Give the lines below again, exactly as they stand, and leave out the images.

** DATA **
********

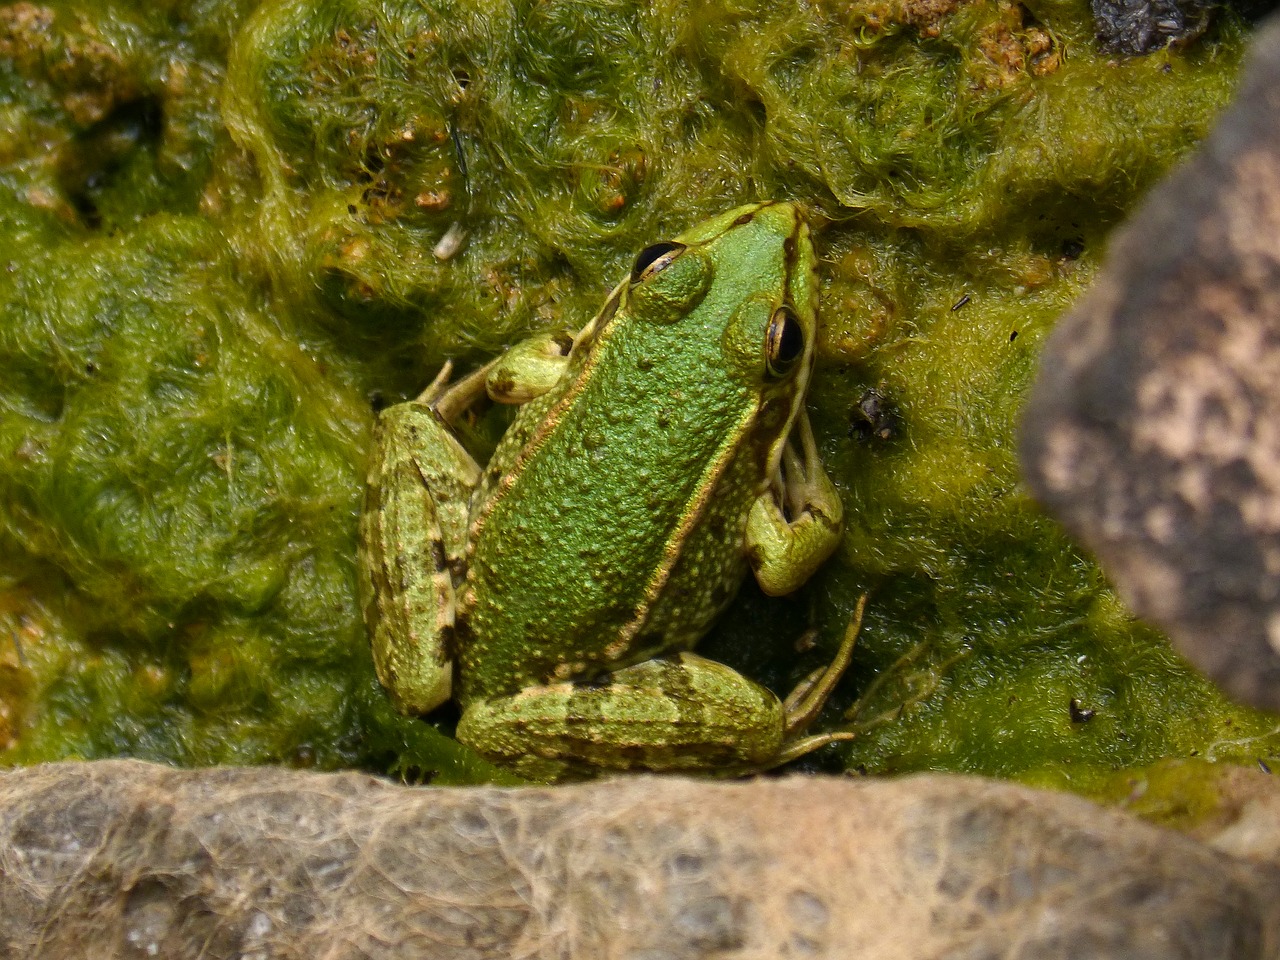 Frog, green frog, pond, algae, batrachian - free image from needpix.com
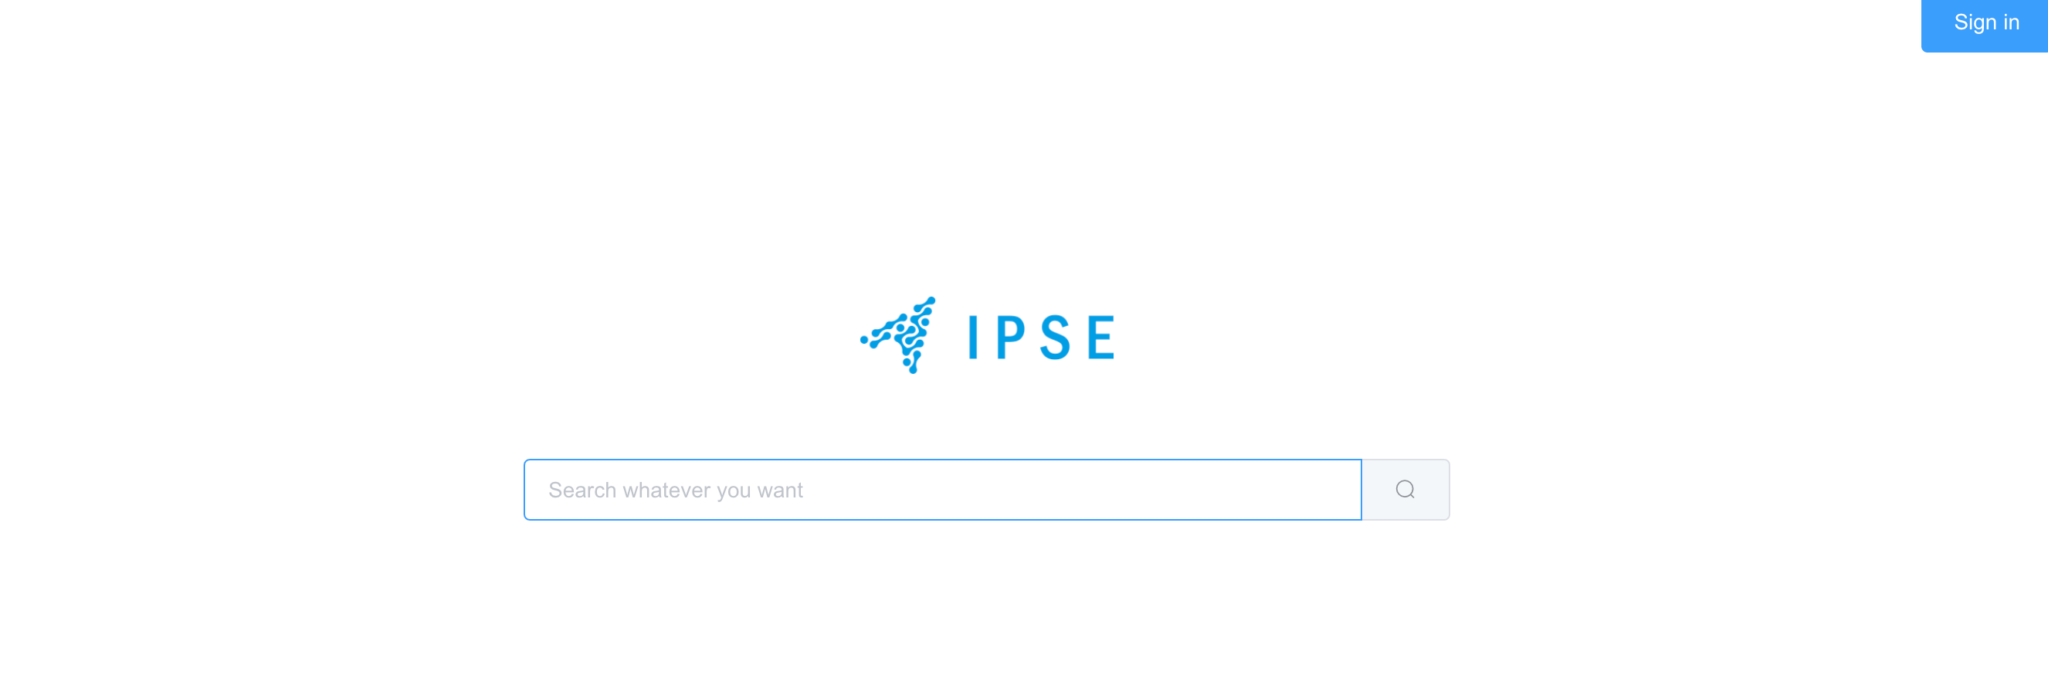 IPSE Startbildschirm
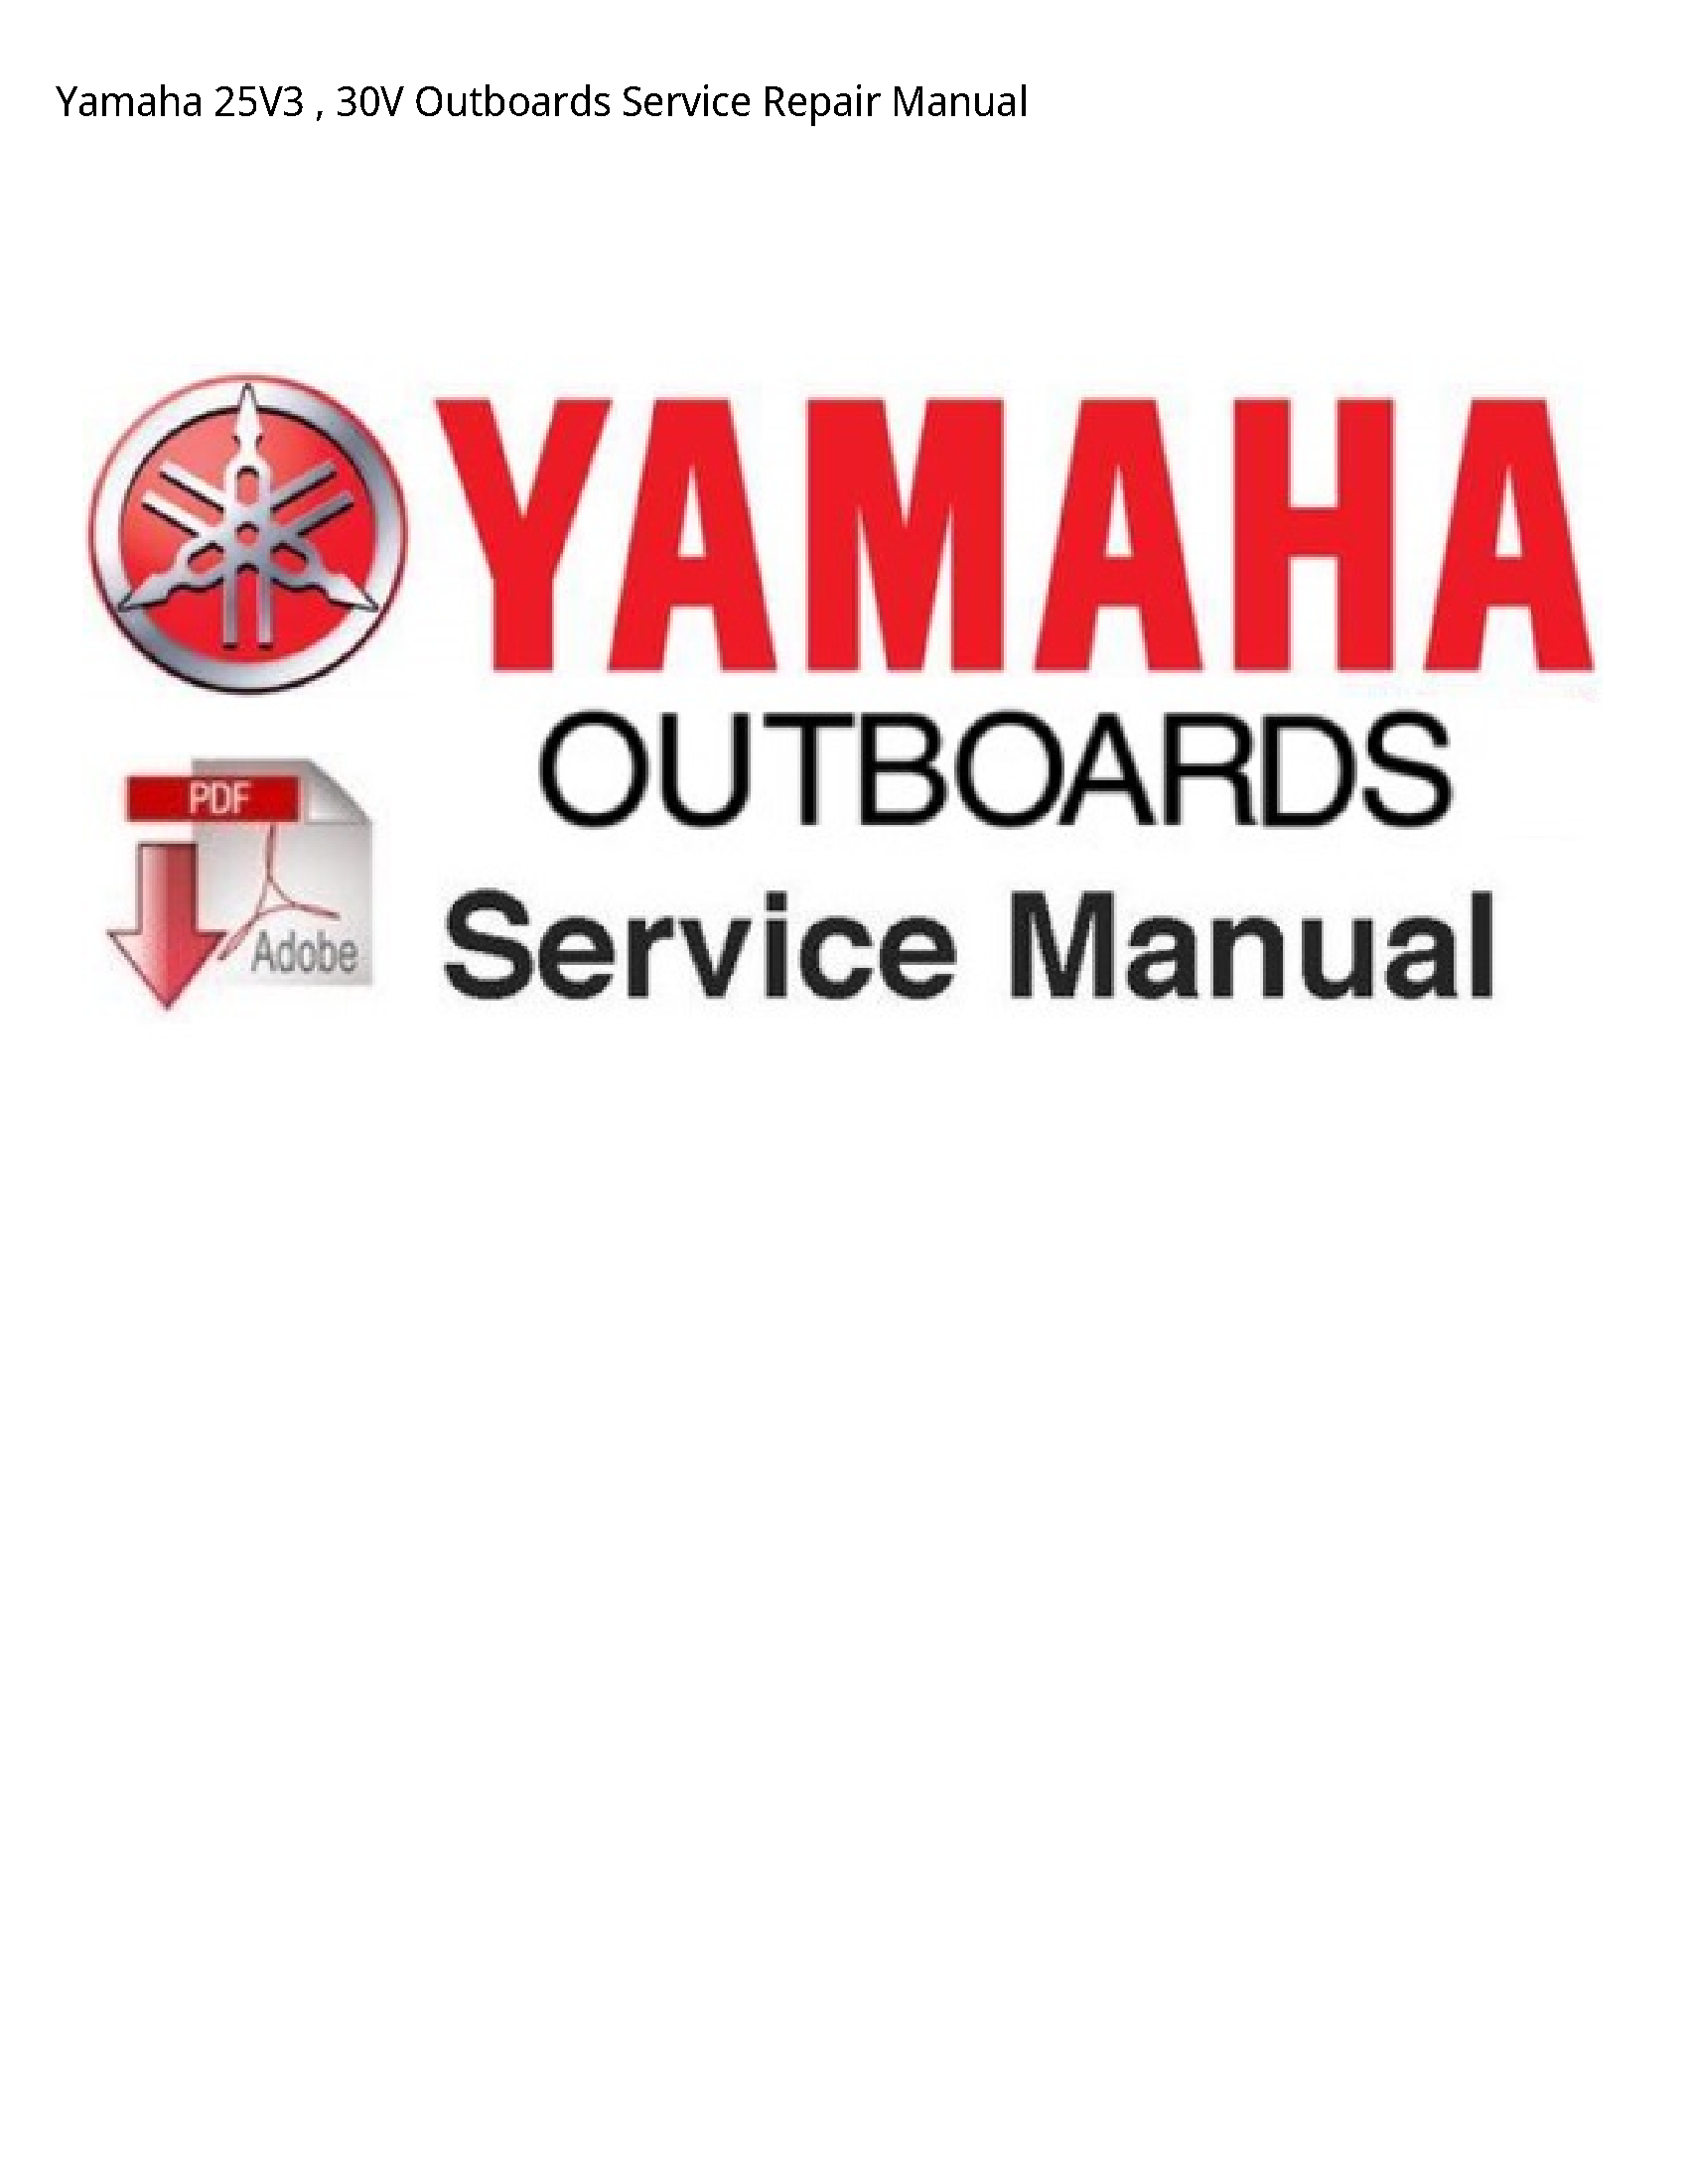 Yamaha 25V3 Outboards manual

********

** WRITTEN RESPONSE **
 Frog, green frog, pond, algae, batrachian - free image from needpix.com
 IPSE Startbildschirm
 Yamaha 25V3 Outboards manual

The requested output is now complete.